Honey Boy - Movie Review by Ben Cahlamer

Shia LaBeouf plays his own father in his film ‘Honey Boy’.

Shia LaBeouf plays his own father in his film ‘Honey Boy’.

Directed by: Alma Har’el

Written by: Shia LaBeouf

Starring: Shia LaBeouf, Lucas Hedges, Noah Jupe

I remember watching the Disney movie “Holes” on DVD in the late 90’s and the young actor at the center of the film, Shia LaBeouf was dramatically captivating. He went on to other roles, but his biggest performance has been his fall from Hollywood’s grace over the years.

His prophetic screenplay for “Honey Boy,” Alma Har’el’s directorial debut, serves as much of a release from his own internal pressures as much as it is an apology letter to his fans and his colleagues for his transgressions.

The story starts in present day as Otis Lort played by Lucas Hedges enters rehab following a DUI. He doesn’t believe he has a problem, but he does have Laura San Giacomo’s Dr. Moreno to talk about his challenges. The story is predicated on this DUI and his visit to a rehab facility as being his third strike.

The stakes for Lort have never been more serious and through Hedges’s expert performance, he simply doesn’t care. At the beginning.

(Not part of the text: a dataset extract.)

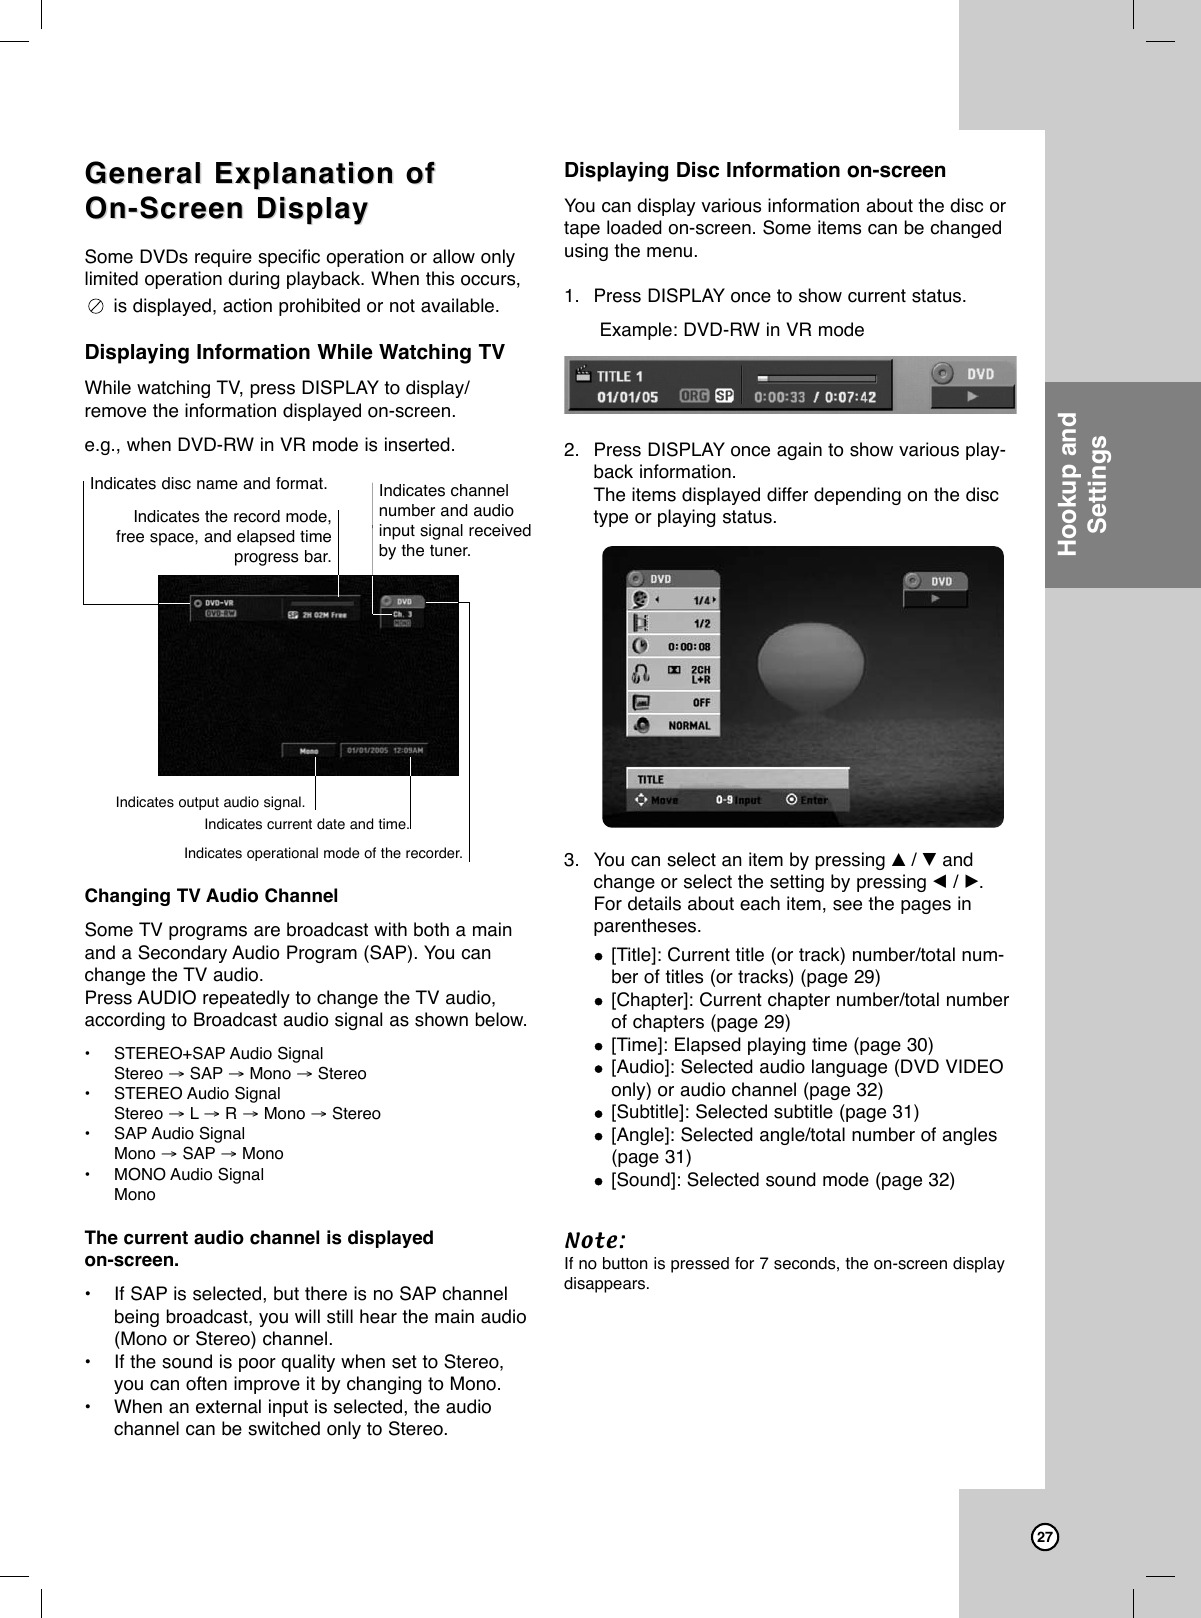 27General Explanation ofGeneral Explanation ofOn-Screen DisplayOn-Screen DisplaySome DVDs require specific operation or allow onlylimited operation during playback. When this occurs,is displayed, action prohibited or not available.Displaying Information While Watching TVWhile watching TV, press DISPLAY to display/remove the information displayed on-screen.e.g., when DVD-RW in VR mode is inserted.Changing TV Audio ChannelSome TV programs are broadcast with both a mainand a Secondary Audio Program (SAP). You canchange the TV audio.Press AUDIO repeatedly to change the TV audio,according to Broadcast audio signal as shown below. •STEREO+SAP Audio Signal Stereo →SAP →Mono →Stereo•STEREO Audio Signal Stereo →L→R →Mono →Stereo•SAP Audio Signal Mono →SAP →Mono•MONO Audio Signal MonoThe current audio channel is displayed on-screen.•If SAP is selected, but there is no SAP channelbeing broadcast, you will still hear the main audio(Mono or Stereo) channel.•If the sound is poor quality when set to Stereo,you can often improve it by changing to Mono.•When an external input is selected, the audiochannel can be switched only to Stereo.Displaying Disc Information on-screenYou can display various information about the disc ortape loaded on-screen. Some items can be changedusing the menu.1. Press DISPLAY once to show current status.Example: DVD-RW in VR mode2. Press DISPLAY once again to show various play-back information.The items displayed differ depending on the disctype or playing status. 3. You can select an item by pressing v/ Vandchange or select the setting by pressing b/ B.For details about each item, see the pages inparentheses.[Title]: Current title (or track) number/total num-ber of titles (or tracks) (page 29)[Chapter]: Current chapter number/total numberof chapters (page 29)[Time]: Elapsed playing time (page 30)[Audio]: Selected audio language (DVD VIDEOonly) or audio channel (page 32)[Subtitle]: Selected subtitle (page 31)[Angle]: Selected angle/total number of angles(page 31)[Sound]: Selected sound mode (page 32)Note:If no button is pressed for 7 seconds, the on-screen displaydisappears.Indicates disc name and format. Indicates channelnumber and audioinput signal receivedby the tuner.Indicates the record mode, free space, and elapsed timeprogress bar.Indicates current date and time.Indicates operational mode of the recorder.Indicates output audio signal.Hookup andSettings
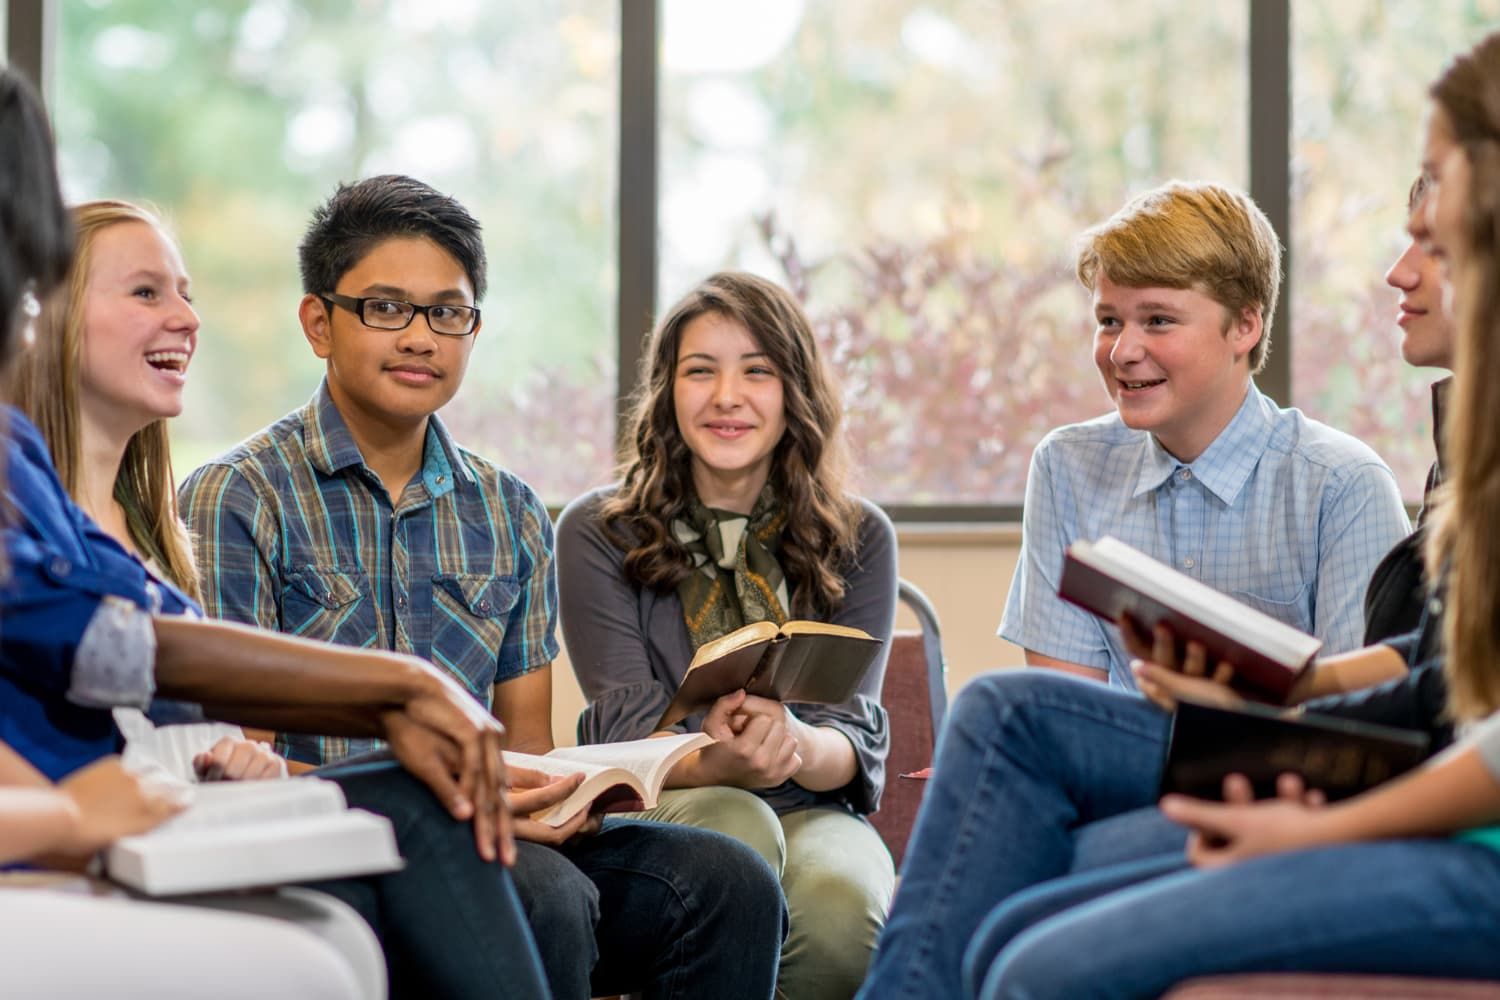 A group of teenagers studying the Bible together

Har’el takes us back to when Otis was a lad. Noah Jupe plays the younger Otis. In the opening scene, Jupe is set against a pitch black background and a cream pie just hits him perfectly square in the face – the joke’s on him. We quickly realize he’s a child actor and his father, James (LaBeouf) is his manager.

We can tell from James’s reaction to the production running later than scheduled, that there’s a lot of pent up anger. James teaches, or remind Otis to mind his manners and his place. We know that young Otis is a playful soul; one that is not being let out, so acting is his release.

Although we know that “Honey Boy” is autobiographical in nature, the way the film switches from young Otis to present day Otis doesn’t give the film an autobiographical feeling, allowing Hedges and Jupe to naturally progress through the opposite ends of one personality. Jupe is the standout here, showing a range of emotions, eventually taking control of his own life from his abusive father.

Adding a rich context to the characters is the court motel outside L.A. that James has them shacked up in; a home to prostitution and drugs and not exactly the best way to raise a son. LaBeouf’s performance as his own abuser is some of the most powerful acting I’ve seen this year – it is truly a release for him to finally acknowledge his own pain and to deal with, but it is Jupe that truly supports LaBeouf’s transformation.

Hedges, who is having yet another amazing year in 2019 stands out as the result of all the abuse. More importantly, the character realizes that his outlet is just an escape, something his father did to himself as well – life father, like son, until they both eventually become drifters; there is a lyricism about the way in which they drift, the powerful music from Alex Somers drives the characters toward their destinies.

As strong as the performances are, Natasha Braier’s cinematography must not go unnoticed: her work during the modern day settings with lots of natural sunlight flowing through the interior spaces, suggesting, in fact encouraging an open place in which to share our darkest fears contrasts with dingy, cramped surroundings of the motel young Otis and James lived in. Braier’s exterior shots are all about the gorgeous sunsets, the golden halo that permeates the Los Angeles Basin punctuating the dreams with which Otis has for his life, but his father can’t see.

LaBeouf has continued his acting career even through his recovery period and his performances get deeper and deeper; “The Peanut Butter Falcon” from earlier this year is a shining example.

As a screenwriter, even if he focuses on down and out recovery type characters, he has a future as a screenwriter. “Honey Boy” proves the exception to LaBeouf’s rule and I, for one, hope he continues to write as well as act.